Measurement of VSM [Ca2+]i

Pressurized arteries were loaded abluminally with the cell-permeant, ratiometric, Ca2+-sensitive fluorescent indicator, fura-2 AM (Molecular Probes, Carlsbad, CA, USA), as described previously [3,1214]. Immediately before being loaded, fura-2 AM (1 mM in anhydrous dimethyl sulfoxide; DMSO) was mixed (2:1) with a 20% solution of pluronic acid in DMSO, and this mixture was diluted in PSS to yield a final concentration of 2-μM fura-2 AM and 0.05% pluronic acid. Arteries were incubated in this solution for 45 minutes at room temperature (~25°C) in the dark. The diluted fura-2 AM solution was equilibrated with the 10% O2 gas mixture during this loading period. Vessels were then rinsed for 20 minutes with aerated PSS (37°C) to wash out excess dye and to allow for the hydrolysis of AM groups by intracellular esterases. Fura-2-loaded vessels were alternately excited at 340 and 380 nm with an IonOptix Hyperswitch dual-excitation light source, and the respective 510-nm emissions were collected with a photomultiplier tube. Background-subtracted 340/380 emission ratios were calculated with IonOptix Ion Wizard software and recorded continuously throughout the experiment, with the simultaneous measurement of ID from red wavelength bright-field images, as described above.

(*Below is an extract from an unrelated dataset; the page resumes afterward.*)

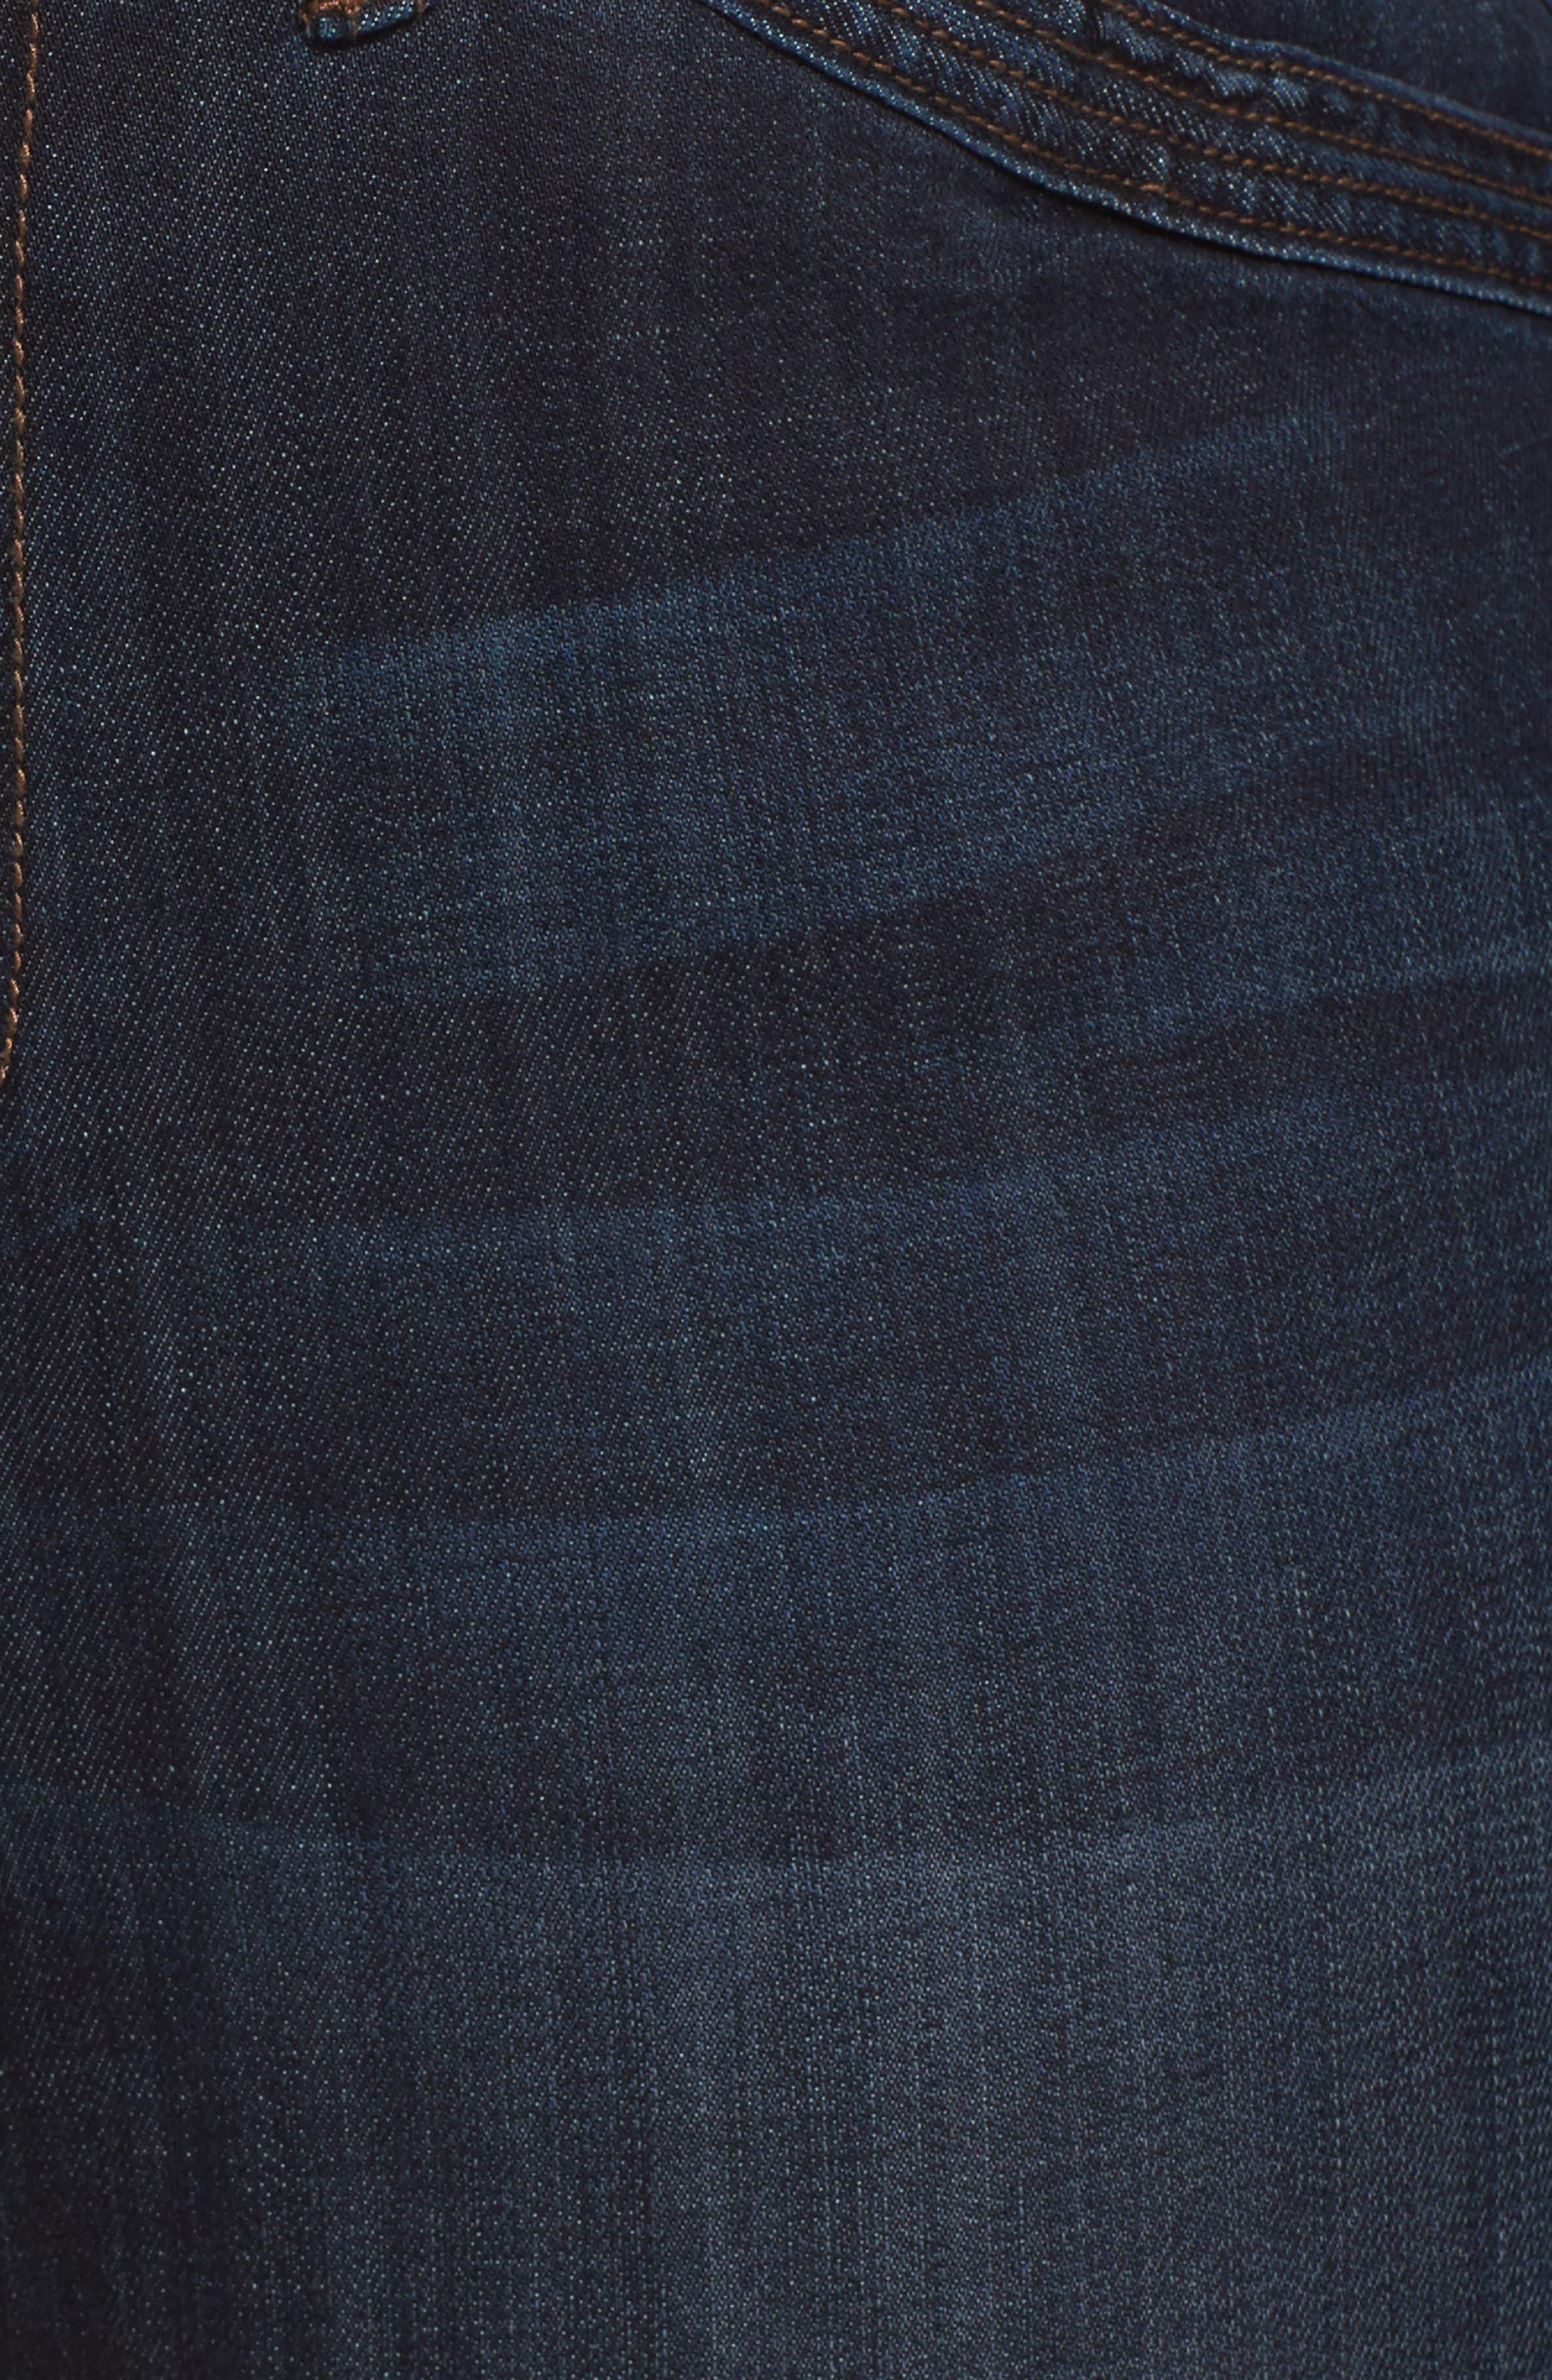 Wide Leg Crop Jeans,                             Alternate thumbnail 9, color,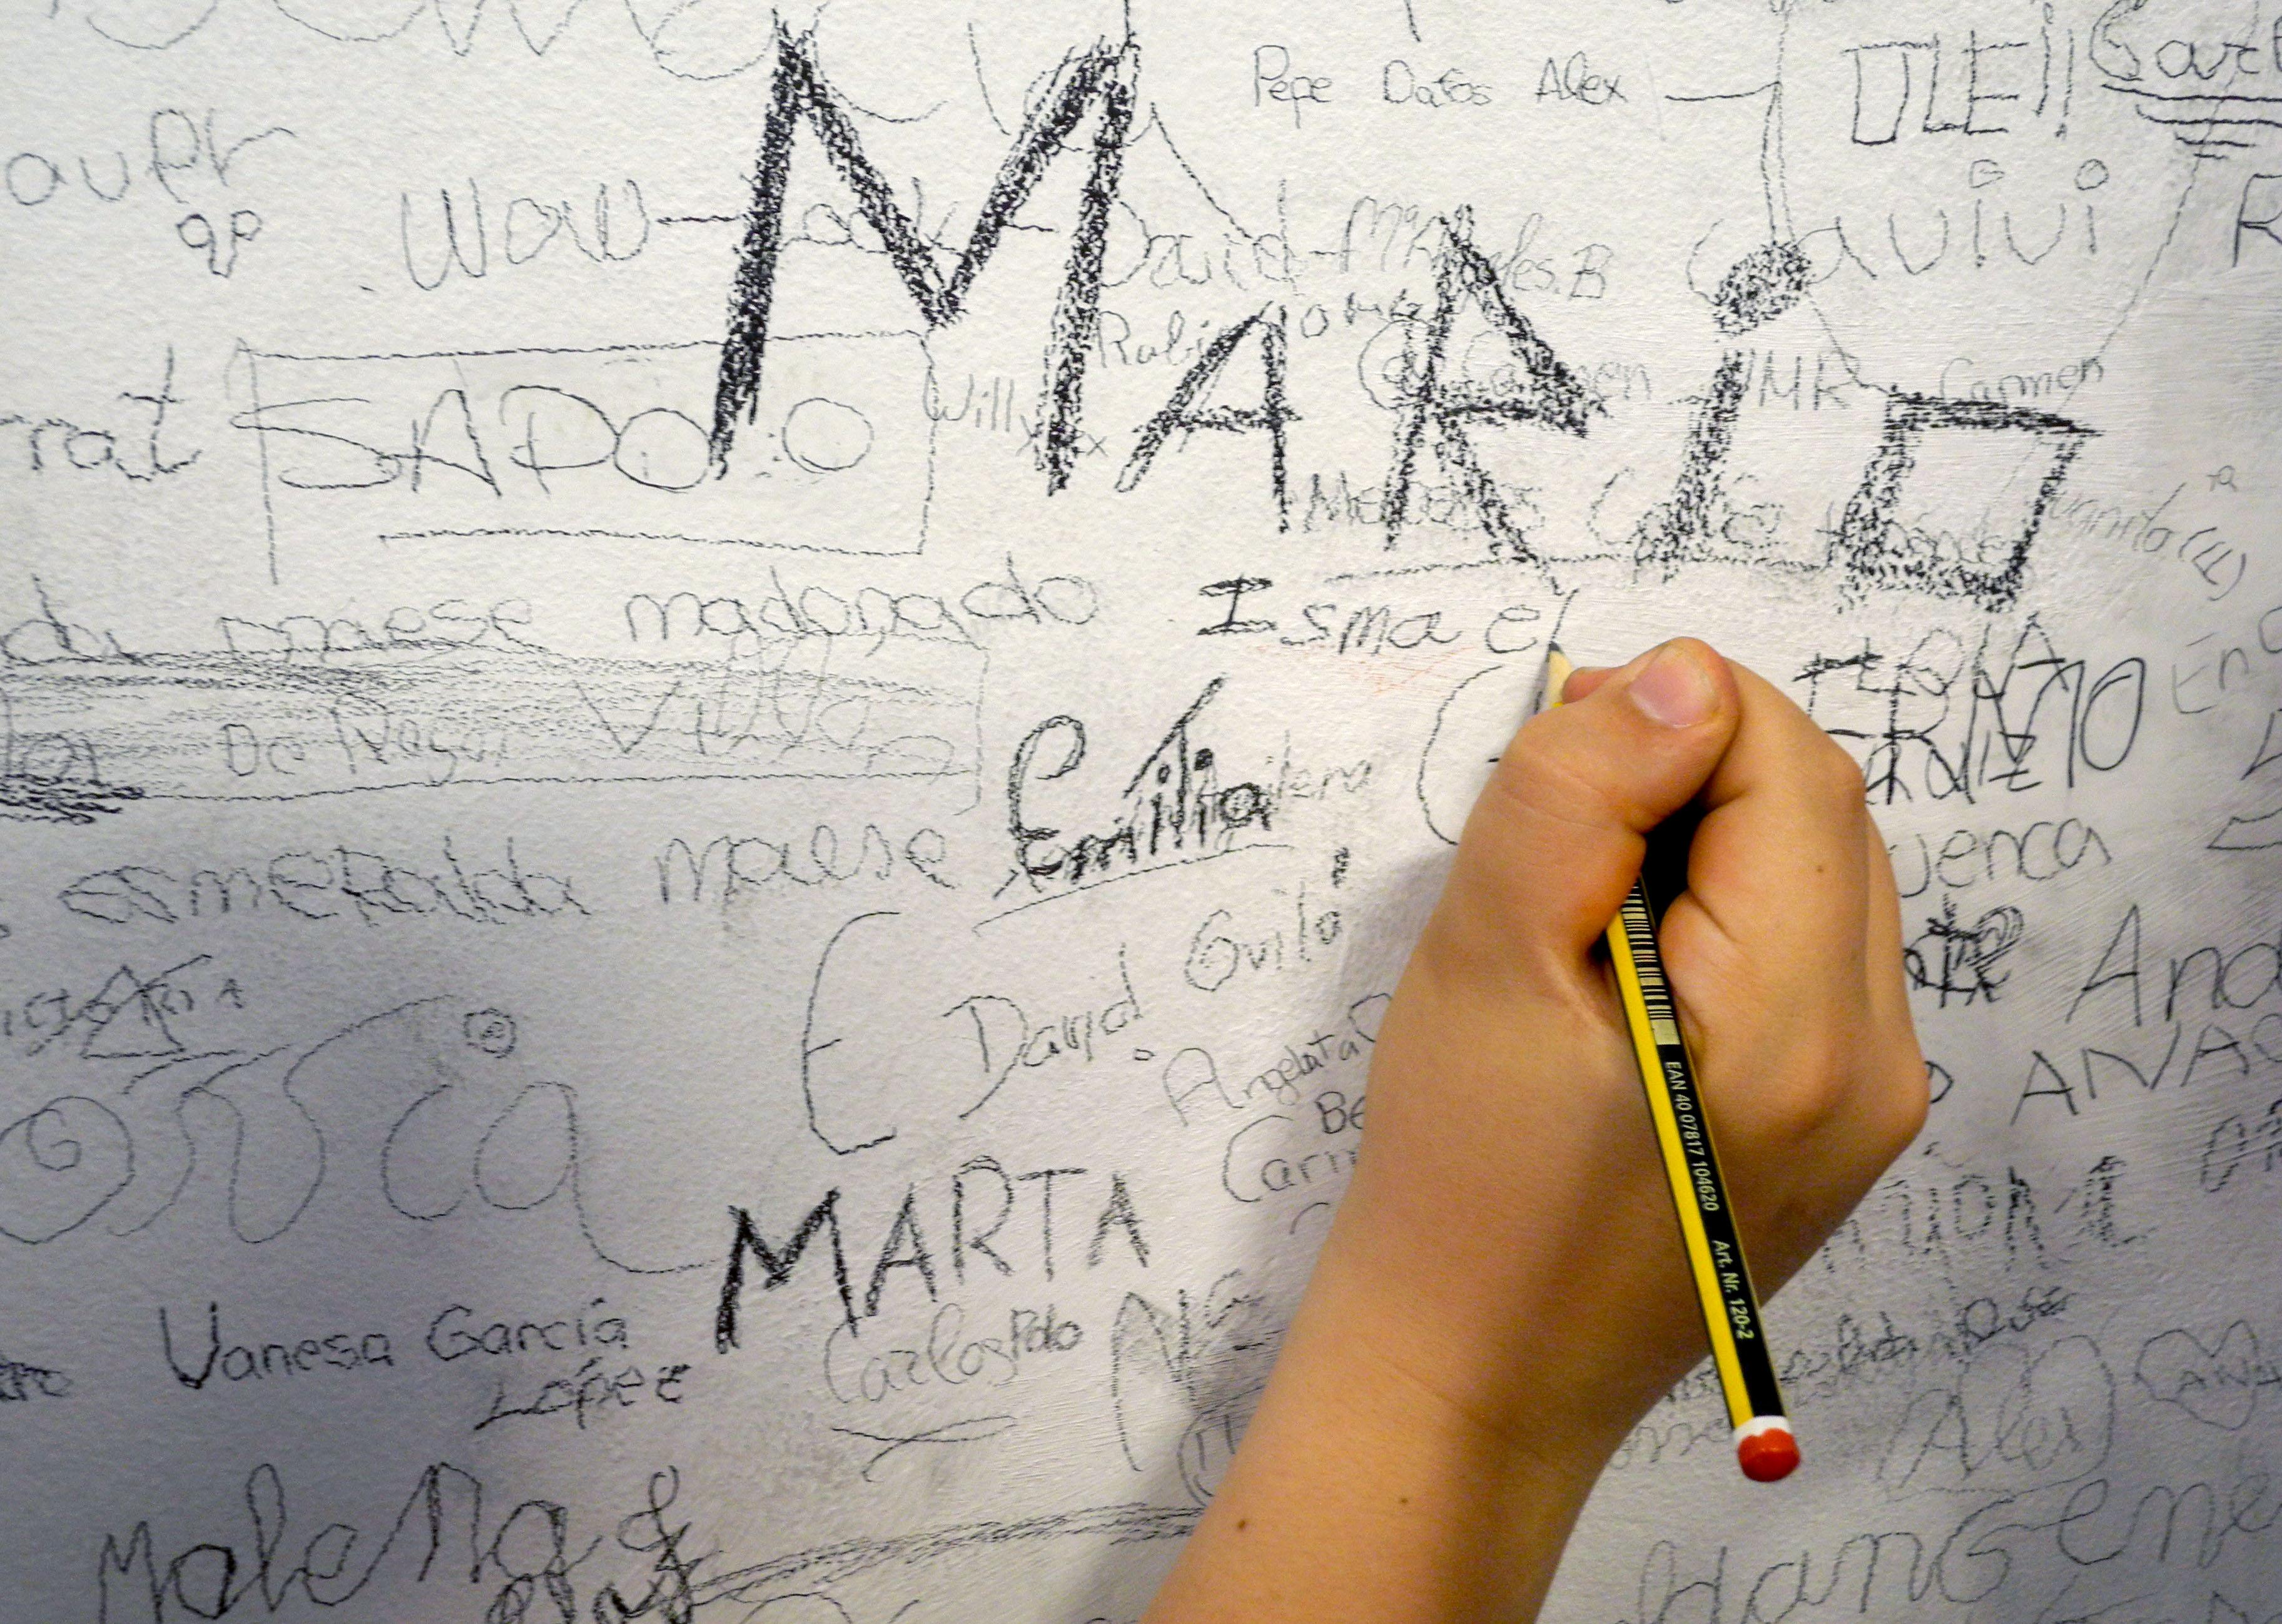 Perez Fernando. 2013. Dalí 3.

In Situ Calibrations of VSM [Ca2+]i

In situ calibrations for Ca2+ were performed in pressurized arteries from control and CH Sprague-Dawley and Wistar rats, using methods similar to those previously described [19]. Arteries were loaded with fura-2 AM and prepared for experimentation, as described above. The VSM was then permeabilized to Ca2+ with ionomycin (10μM). and the arteries were incubated with a bath solution containing 140 mM KCl, 5 mM NaCl, 5 mM HEPES, 1 mM MgCl2, 5 μM nigericin, and either 5 mM ethylene glycol tetraacetic acid (EGTA) (low Ca2+ solution), solution) or 2 mM CaCl2 (high Ca2+ with a pH of 7.15 at 37°C until nadir and peak ratios were achieved.

Isolated Vessel Protocols

Because the endothelium is a source of vasoactive factors that may complicate the interpretation of the effects of CH on VSM Ca2+ entry mechanisms, all experiments were conducted in endothelium-disrupted arteries.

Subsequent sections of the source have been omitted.